GENMUSLIM.id - Pergumulan mengenai bahasa politik yang dipakai pada masa kesultanan Islam di Nusantara pada awalnya memakai konsep ‘insan kamil’ atau ‘manusia sempurna,’ yang diambil dari khazanah tasawuf falsafi.
Konsep ‘manusia sempurna’ yang diadopi oleh kesultanan Islam di Nusantara-Melayu ini diilhami salah seorang tokoh sufi besar dalam sejarah Islam, yakni Ibnu Arabi dari Andalusia Spanyol dan Al Jili.
Menurut Azyumardi Azra di dalam bukunya yang berjudul Jaringan Ulama Timur Tengah dan Kepulauan Nusantara Abad 17 dan 18; Melacak Akar-akar Pembaruan Pemikiran Islam di Indonesia, jika tasawuf falsafi juga dijadikan pondasi bagi pembangunan istana kerajaan.
Sebuah taman di dalam istana raja yang dibangun pada masa kekuasaan Iskandar Tsani, yang disebut sebagai Taman Gairah, didesain dengan susunan tertentu sebagai pusat energi spiritual.
Baca Juga: Khazanah Intelektual Islam, Biografi Sekilas Filsuf Muslim Al Kindi dan Pendapatnya Tentang Falsafah
Bustan Salatin yang ditulis oleh Nuruddin Raniri memotret bagaimana satu situs tepat di bagian tengah taman, gunungan, yang berfungsi sebagai tempat suci di mana para raja Aceh bermeditasi dengan dzikir dan shalawat untuk memperoleh prestasi spiritual tertinggi sebagai ‘raja sufi.’
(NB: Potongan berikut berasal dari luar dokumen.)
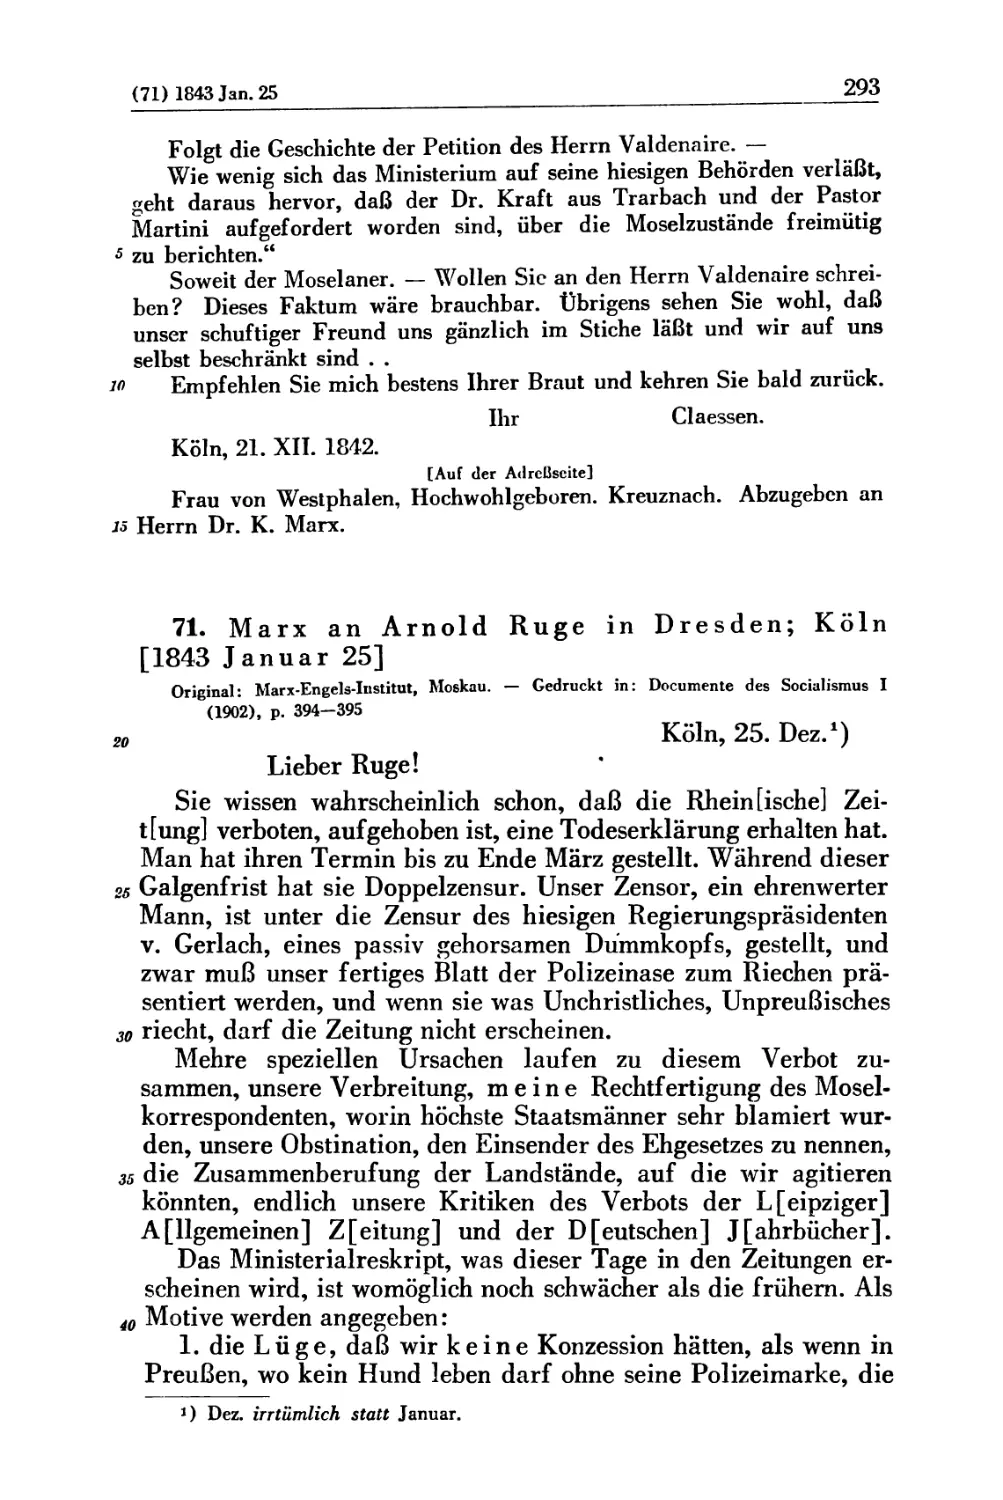 71. Marx an Arnold Ruge in Dresden; Köln [1843 Januar 25]

Gagasan tasawuf falfasi ini juga dijadikan sebagai dasar bagi sistem politik kesultanan Islam di Sumatra dan Melayu, Buton, dan di Sulawesi.
Meski demikian, orientasi politik yang diilhami gagasan ‘manusia sempurna’ khas tasawuf falsafi ini mendapat tandingan dari apa yang disebut oleh Azyumardi Azra sebagai ‘neo sufisme.’
Neo sufisme ini bisa didefinisikan sebagai tasawuf akhlaqi atau tasawuf amali, yang coraknya mudah dipahami oleh semua kalangan dan praktis untuk diamalkan.
Selain itu, ‘neo sufisme’ ini sebuah ‘genre’ dalam sufisme yang menekankan lebih ketat dalam hal menjalankan syariat Islam.
Namun harus dipahami juga, jika tasawuf falsafi bukan berarti abai dengan syariat Islam, tetapi juga berpegang pada syariat Islam, hanya saja tak seketat seperti ‘neo sufisme.’
Gagasan Islam ala neo sufisme yang lebih ketat dalam menjalankan syariat Islam ini mulai bergema pada abad ke-17 M memiliki pengaruh yang sangat kuat.
Gagasan sufi Wahdatul Wujud Hamzah Fansuri (wafat 1607) dan Syamsuddin al Sumatrani (wafat 1630) mulai disaingi.